Il faut cesser, quels que soient nos liens d’amitié durable avec les Etats-Unis, nous laisser imposer une Alliance atlantique qui n’a plus de raison d’être, qui est même une prison stratégique et qui nous pousse parfois à des tentations excessives, celles d’intervenir pour changer un ordre – même injuste – ce qu’il ne nous appartient pas de décider.
A l’aune de cette vision renouvelée du monde, nous devons revisiter tout notre système, y compris nucléaire, pour en mesurer la pertinence et l’efficacité. Une fois encore, toutes les données du problème ont changé, il est donc ridicule d’en appeler aux mânes du Général de Gaulle. Lui-même, homme des circons-tances, reprendrait sans doute l’analyse à zéro et n’aurait pas de formules assez fortes pour fustiger les errements actuels.
Il n’y a pas place ici pour un descriptif détaillé des besoins financiers, techniques et humains d’un système de sécurité conçu avec nos partenaires européens ; du partage des tâches que cela suppose, de la mutualisation des formations, de la simplification des structures, de la répartition des compétences, etc. Sans compter les oppositions de toutes sortes et les arguments, dument fondés, qui les soutiennent.

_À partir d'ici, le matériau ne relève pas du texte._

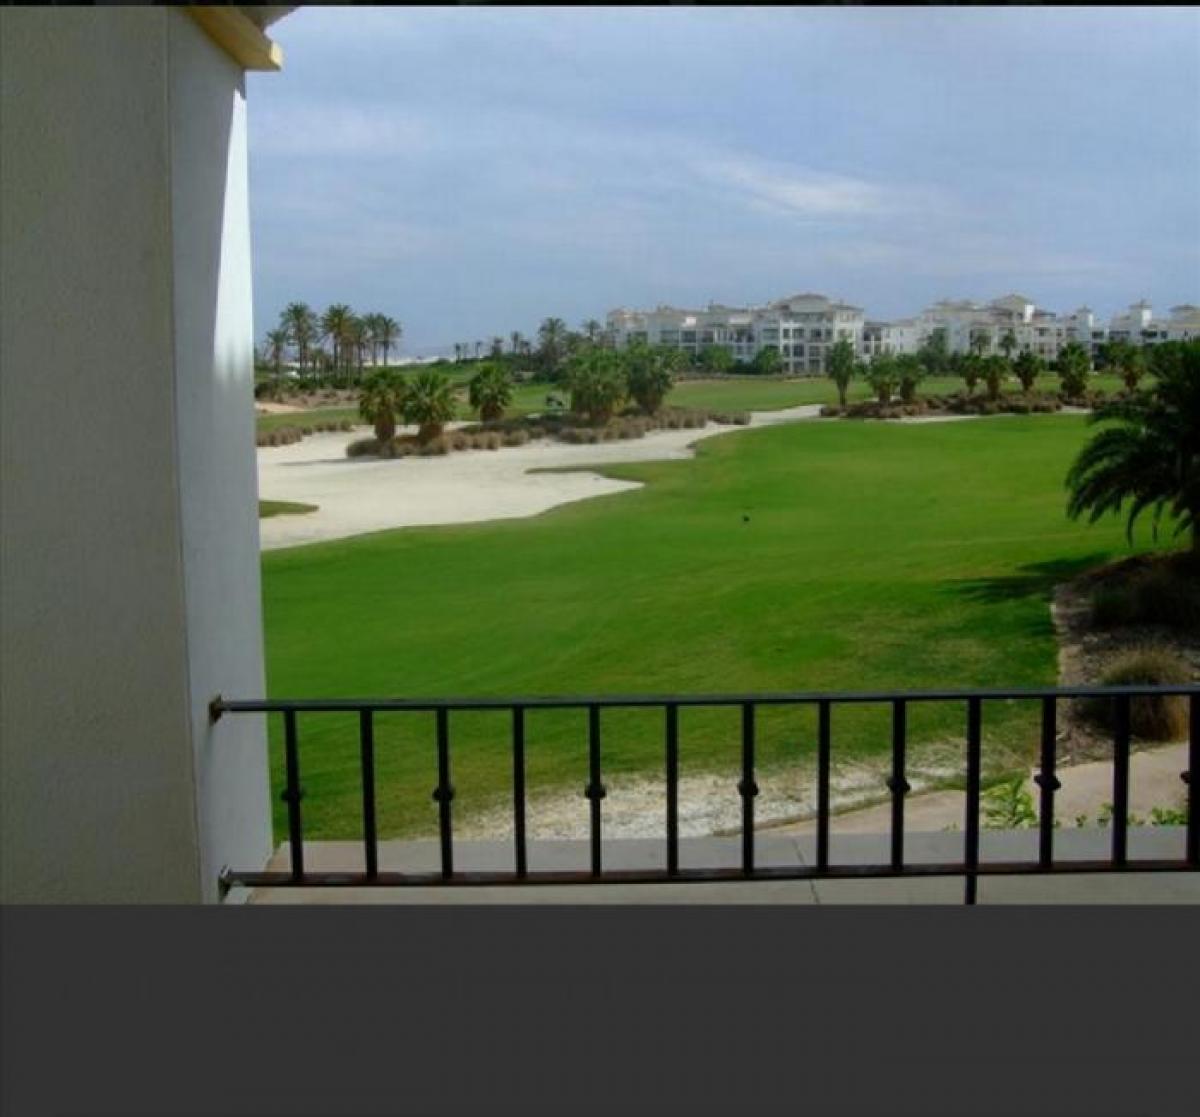 Picture of Apartment For Sale in Roldan, Murcia, Spain

C’est un travail de longue haleine ; il faudra bien s’y atteler un jour, et avant celui où nous risquons de nous apercevoir que, pour préserver l’essentiel, nous n’aurons d’alliés que ceux avec lesquels nous partageons non seulement les intérêts mais aussi la vision du monde. Prenons garde à ne pas nous retrouver seuls et démunis, comme nous le furent par trois fois en un siècle. Assurons-nous de ne pas avoir, une fois de trop, à appeler à l’aide. Dans le monde tel qu’il est désormais, ce serait suicidaire.